We live in desperate times of economic uncertainty, worldwide unrest and the threat of terror on every level of our lives. We deal with everything from day to day details that are disrupted by minor disturbances, to adjusting to more momentous life changes, to coping with life-threatening health scares or natural disasters of one type or another. Is it any wonder our hearts reach for comfort whenever and wherever they can find it?

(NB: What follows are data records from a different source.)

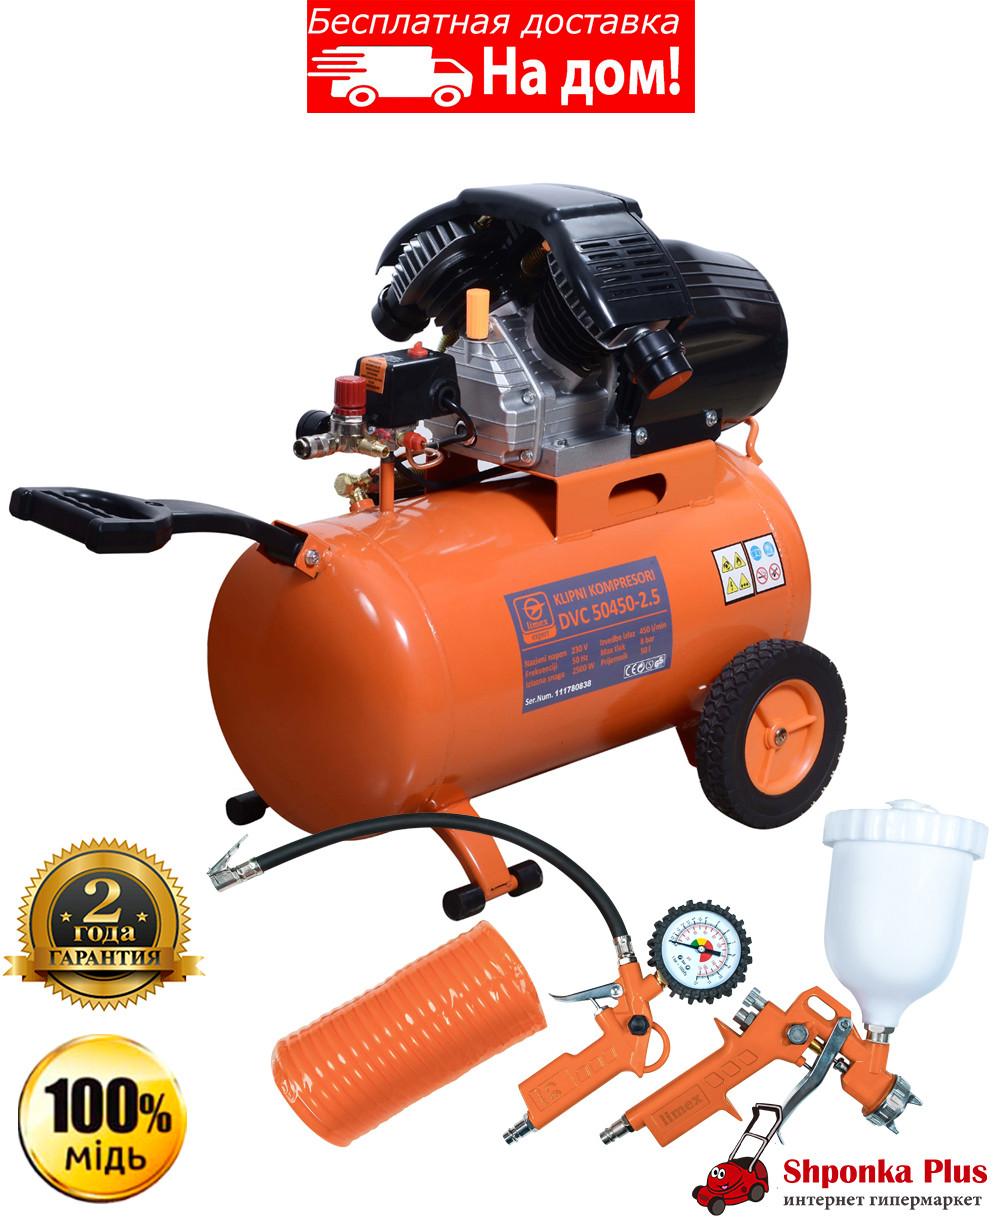 Компрессор 50 л, 2,5 кВт, 450 л/мин., Limex expert DVC-50450-2.5 KIT
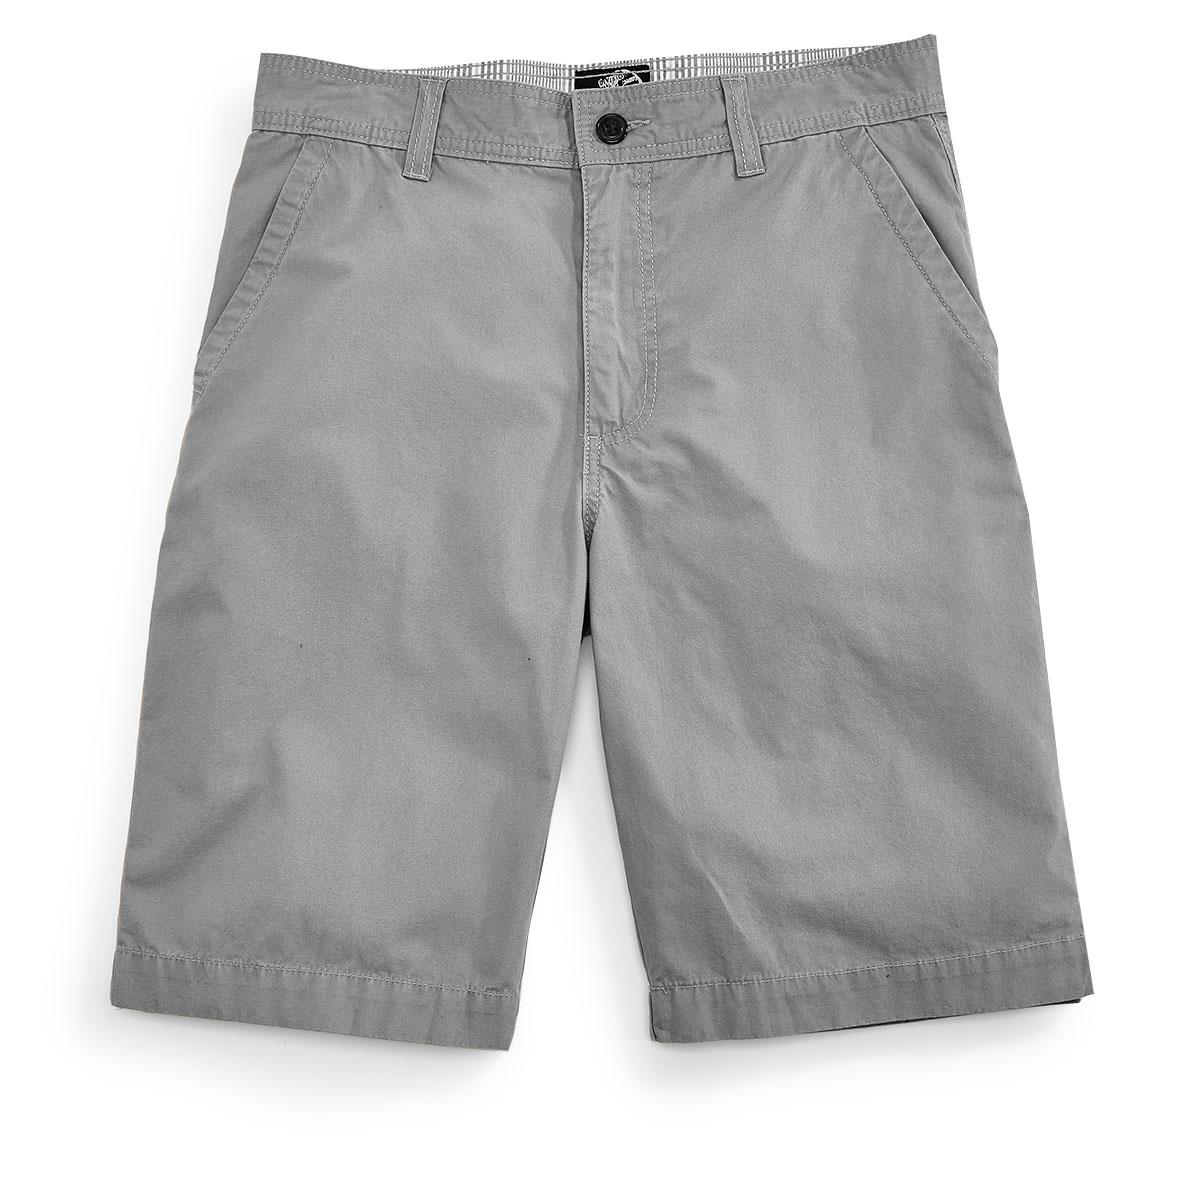 D55 Guys' Flat Front Shorts - Black, 29
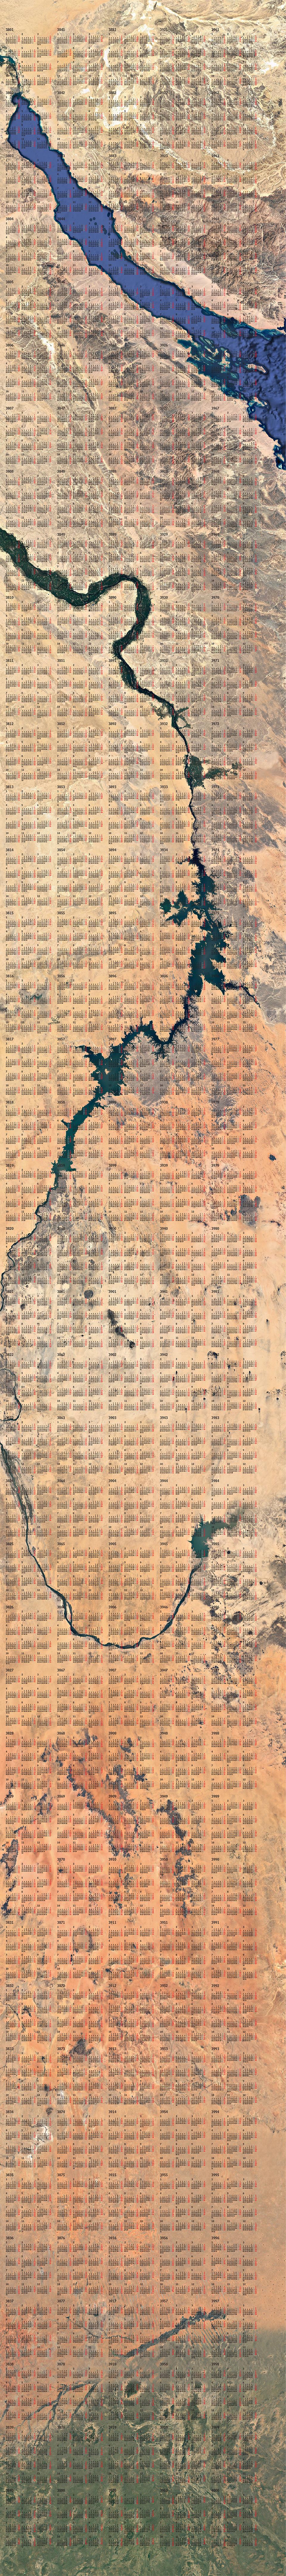 20210204_UNF0LD_CALENDAR_0001y-4000y_Sahara_Desert_2980x1480mm_Right.jpg

Perhaps that’s why Jesus advised us to take comfort in some simple practices that were to be repeated on a regular basis…rituals if you will… that He knew we’d not only take pleasure in when our lives were going well, but that would be especially helpful to our hurting hearts when times were tough. They range from the simple but overwhelmingly powerful practice of prayer, talking to God about everything from joys to sorrows, worries to wonders, questions to complaints…to reading His Word and finding peace in the sound of His voice… to gathering together for encouragement and inspiration on at least a weekly basis. 

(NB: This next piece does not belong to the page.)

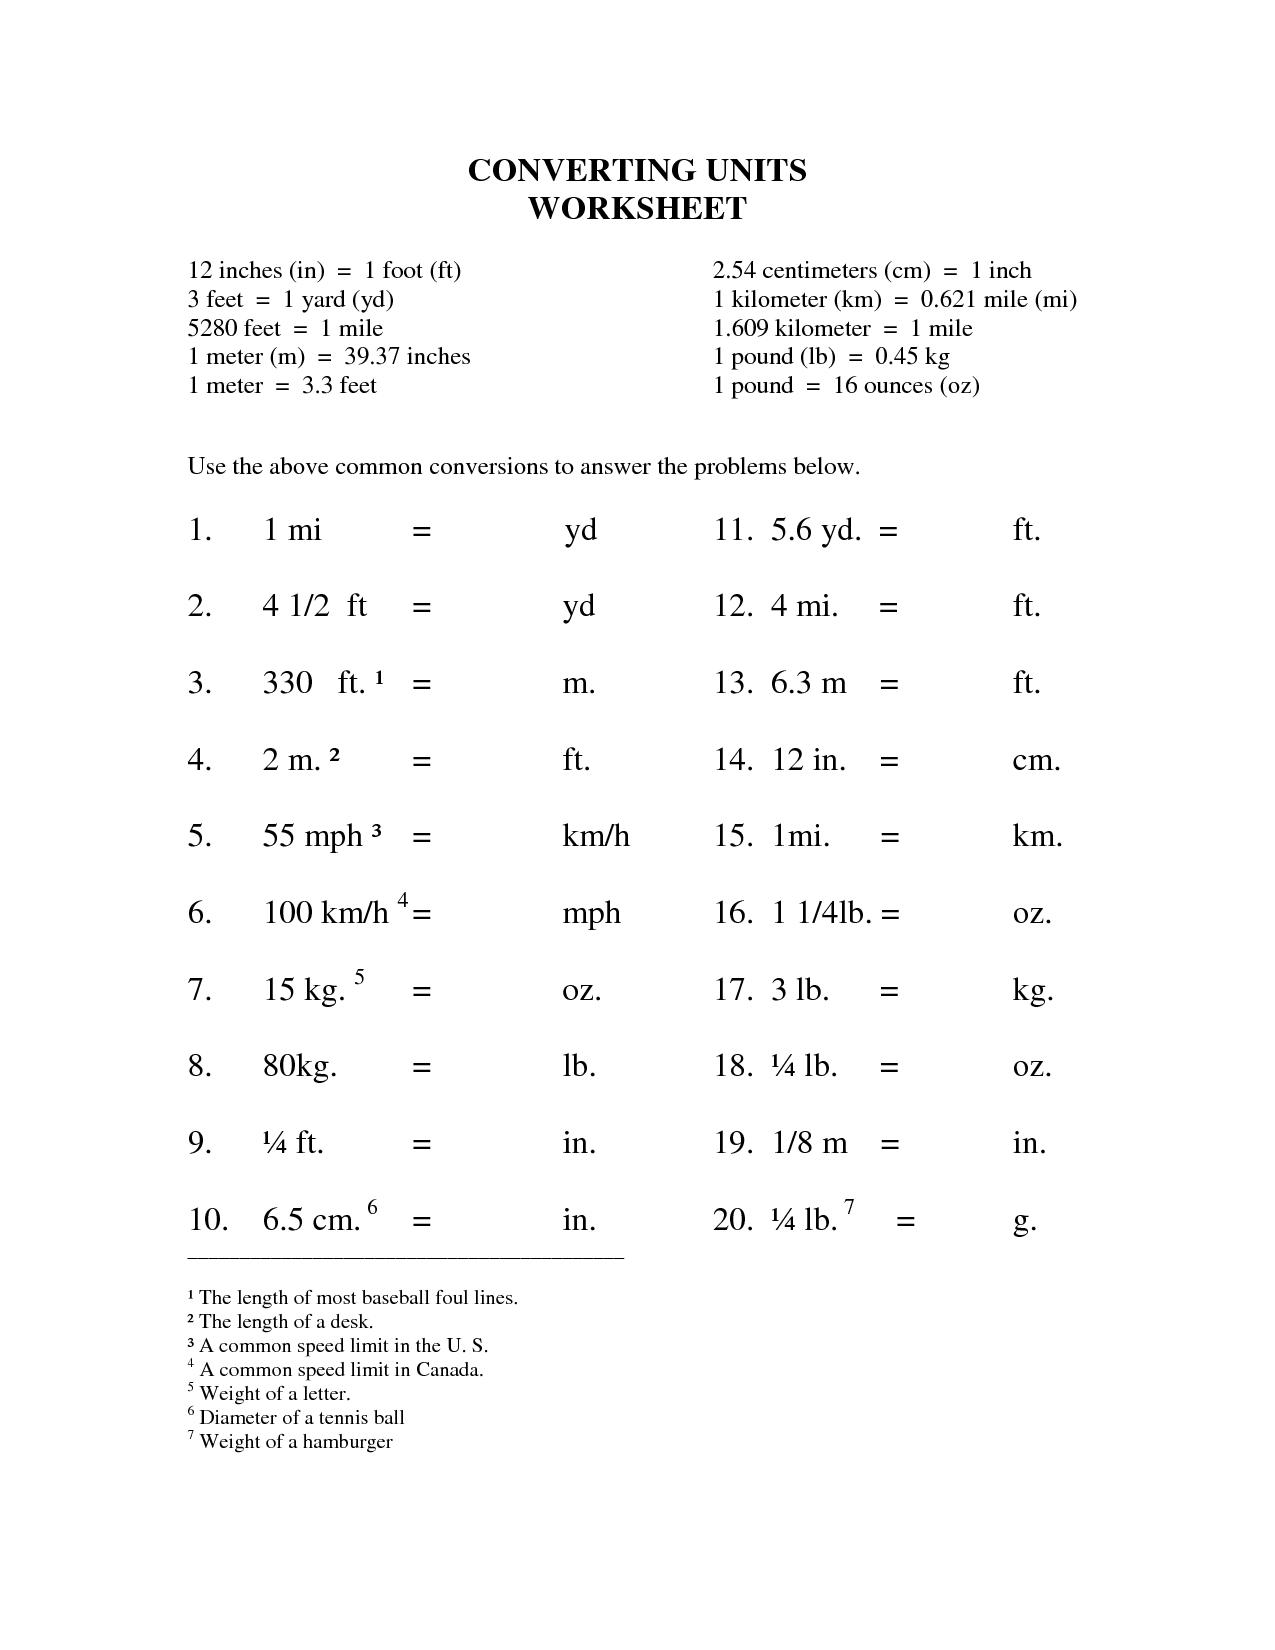 Unit Conversions Worksheet Algebra

Perhaps it’s my attraction to food that draws me to one other ritual in particular, that of sharing communion with one another in remembrance of Him. What greater comfort can there be than to partake of the bread and fruit of the grape together, remembering what Jesus has done for us in the past and His promise of an eternity of fellowship with Him in the future? In a way it’s a reminder to include Him in every activity, to be aware of His presence in our hearts now and to remember that we are never alone in any of the circumstances we find ourselves, whatever their nature. There is no greater peace than that found in the presence of our Shepherd and King.

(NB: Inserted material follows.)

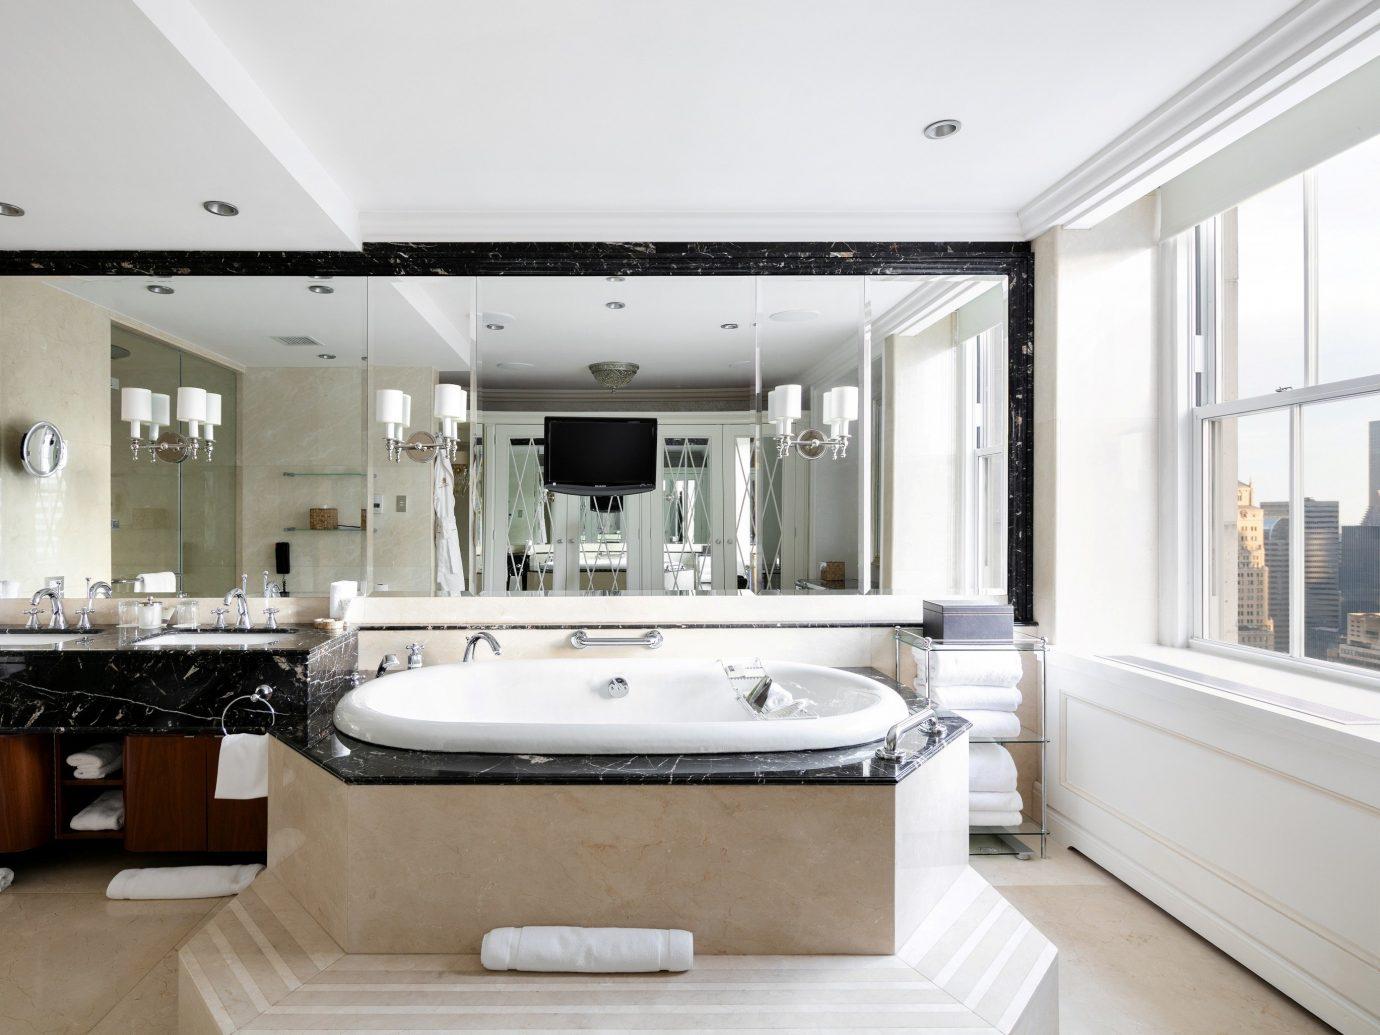 Hotels Luxury Travel indoor bathroom wall floor ceiling mirror window sink property room interior design estate tub bathtub home Suite plumbing fixture interior designer big toilet Bath Modern tile tiled

So devote yourself wholeheartedly to whatever life celebrations you’ve established…just remember to invite your Savior to savor them with you. And if you haven’t yet developed any special rituals of your own, perhaps it’s time to begin.

Starbucks is simply a great place to start. 
“And he took bread, gave thanks and broke it, and gave it to them, saying, ‘This is my body given for you; do this in remembrance of me.’”
(Luke 22:19)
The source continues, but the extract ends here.